HDF5 (Hierarchical Data Format V5) is a highly flexible binary file format that stores data contiguously in memory, making memory-mapping highly effective.

It’s frequently used for storing numerical data, and can be manipulated using both the h5py library, as well as numpy and vaex.

Because hdf5 (.h5) files are so flexible, the processing logic will necessarily change per file. In this tutorial, we will show you how you can understand your hdf5 file, the layout, and walk through a specific example of how to upload some data.

Nominal is the leading platform for operationalizing test data.

This guide describes an automatable pipeline for uploading HDF5 files to Nominal.

Connect to Nominal

Get your Nominal API token from your User settings page.

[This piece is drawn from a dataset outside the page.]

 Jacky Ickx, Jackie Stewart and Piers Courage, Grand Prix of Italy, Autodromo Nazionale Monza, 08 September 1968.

See the Quickstart for more details on connecting to Nominal from Python.

1import nominal.nominal as nm
2
3nm.set_token(
4 base_url = 'https://api.gov.nominal.io/api',
5 token = '* * *' # Replace with your Access Token from
6 # https://app.gov.nominal.io/settings/user?tab=tokens
7)
If you’re not sure whether your company has a Nominal tenant, please reach out to us.

Download sample data

For convenience and educational purposes, Nominal hosts test sample data on the Nominal Hugging Face account.

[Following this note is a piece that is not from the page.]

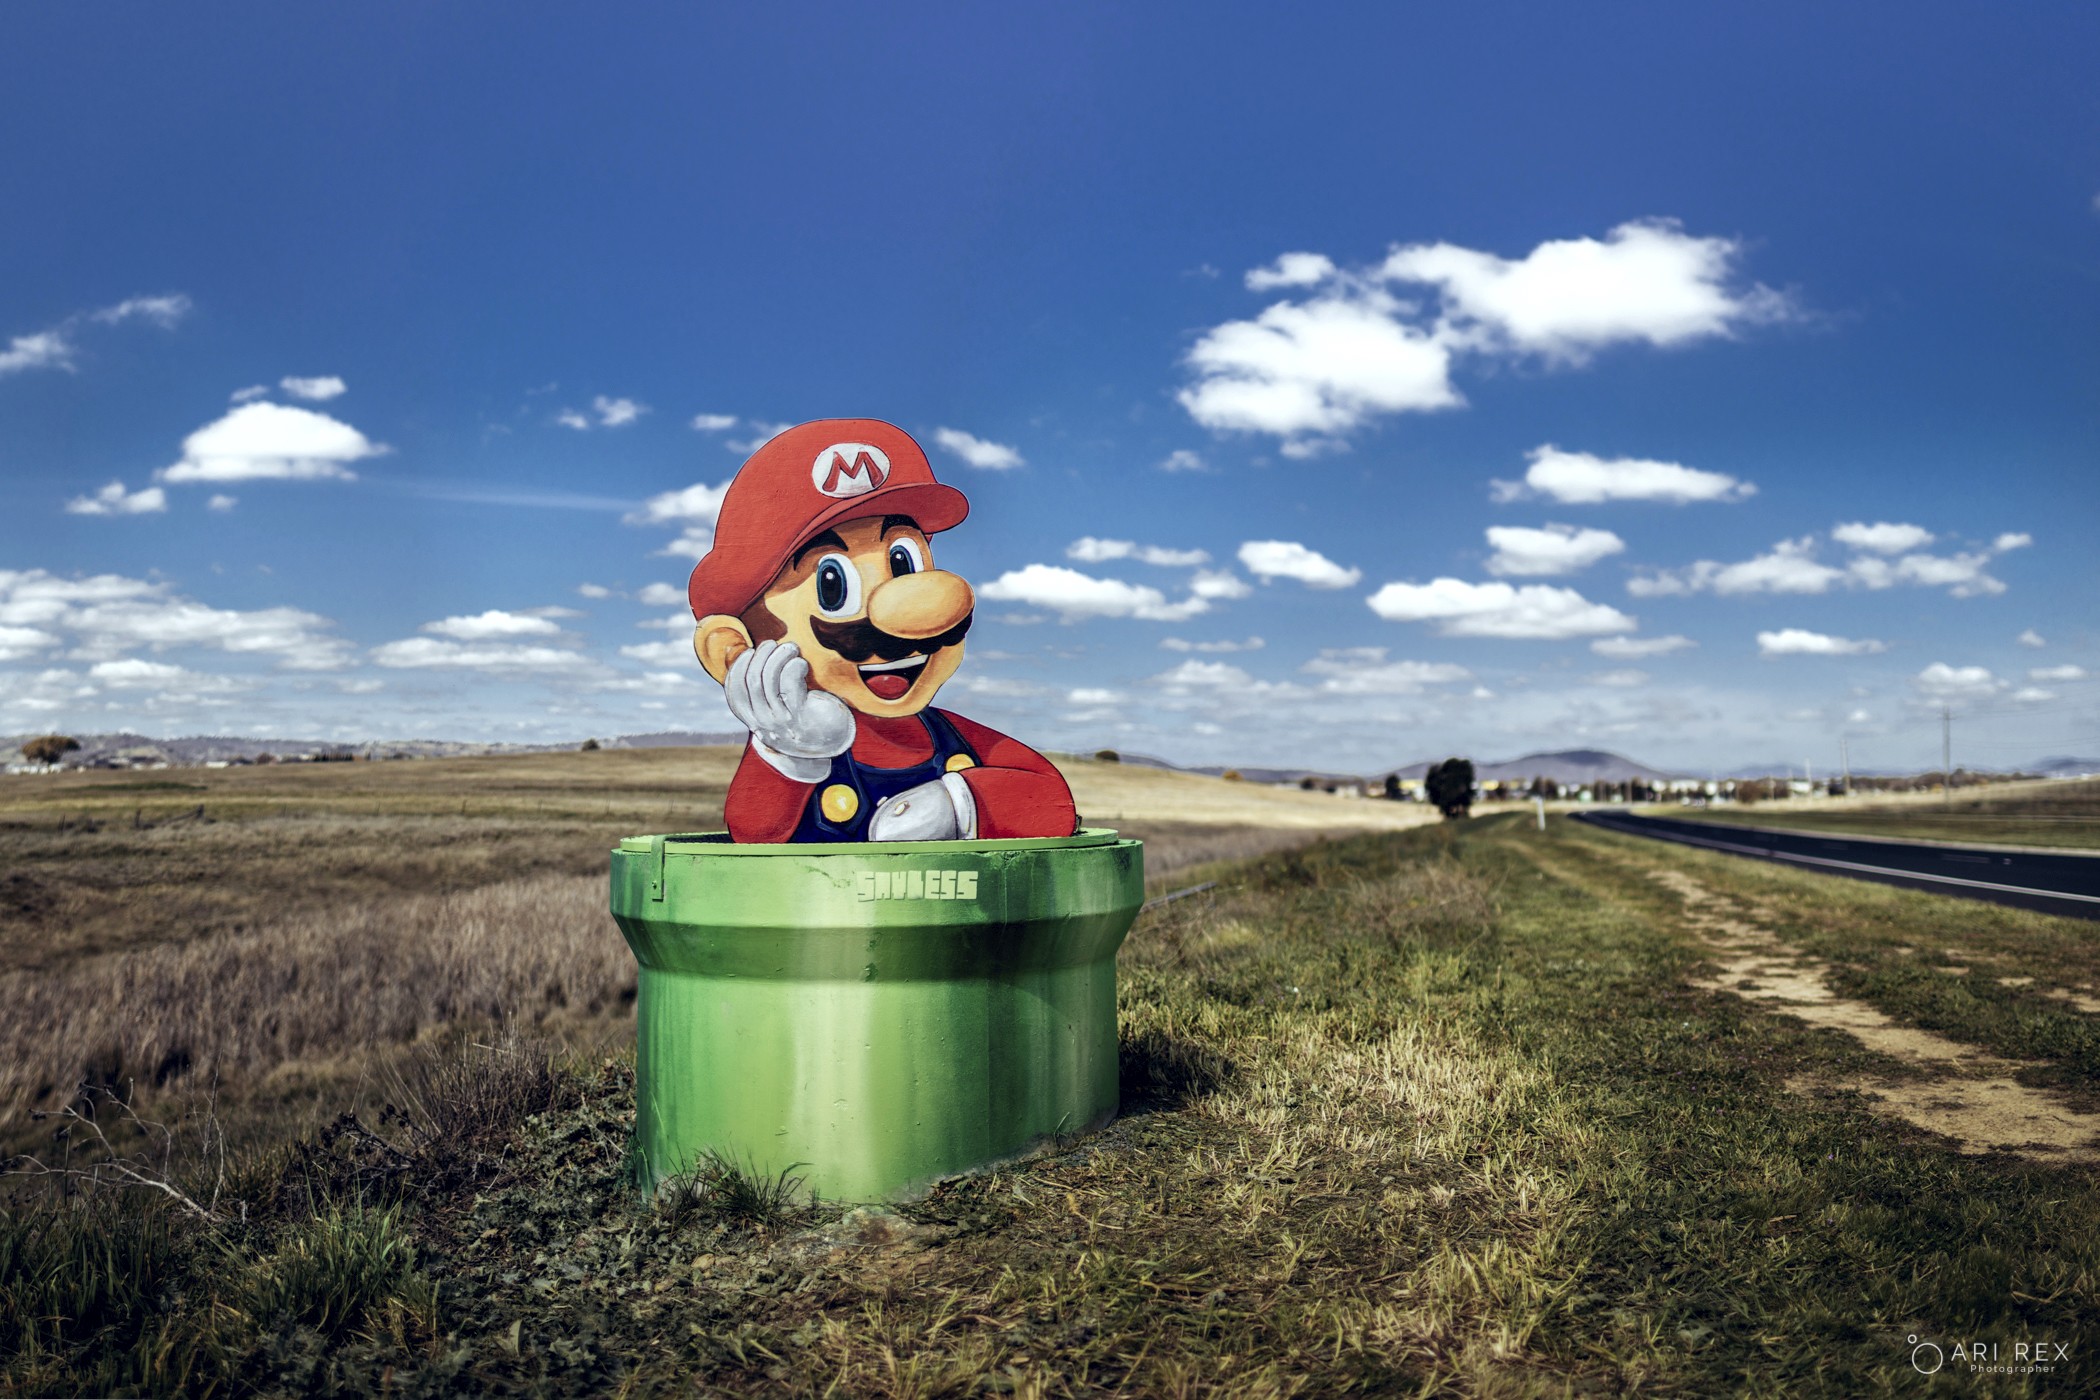 Who took Mario? Quest begins to find the life-sized cutout taken from Gungahlin

Let’s download a 3D hdf5 (h5) file containing x, y, and z coordinates.

We’ll use the hub to download our hdf5 file to disk.

You will need to make sure to install the nominal hdf5 extra: pip install 'nominal[hdf5]'

1from huggingface_hub import hf_hub_download
2
3repo_id = "nominal-io/hdf5-sample"
4filename = "3d.h5"
5
6local_path = hf_hub_download(
7 repo_id=repo_id,
8 filename=filename,
9 repo_type="dataset"
10)

local_path now contains the path to our hdf5 file.

To understand our data a bit more, we will look at the layout of the file to find where the data is and its schema.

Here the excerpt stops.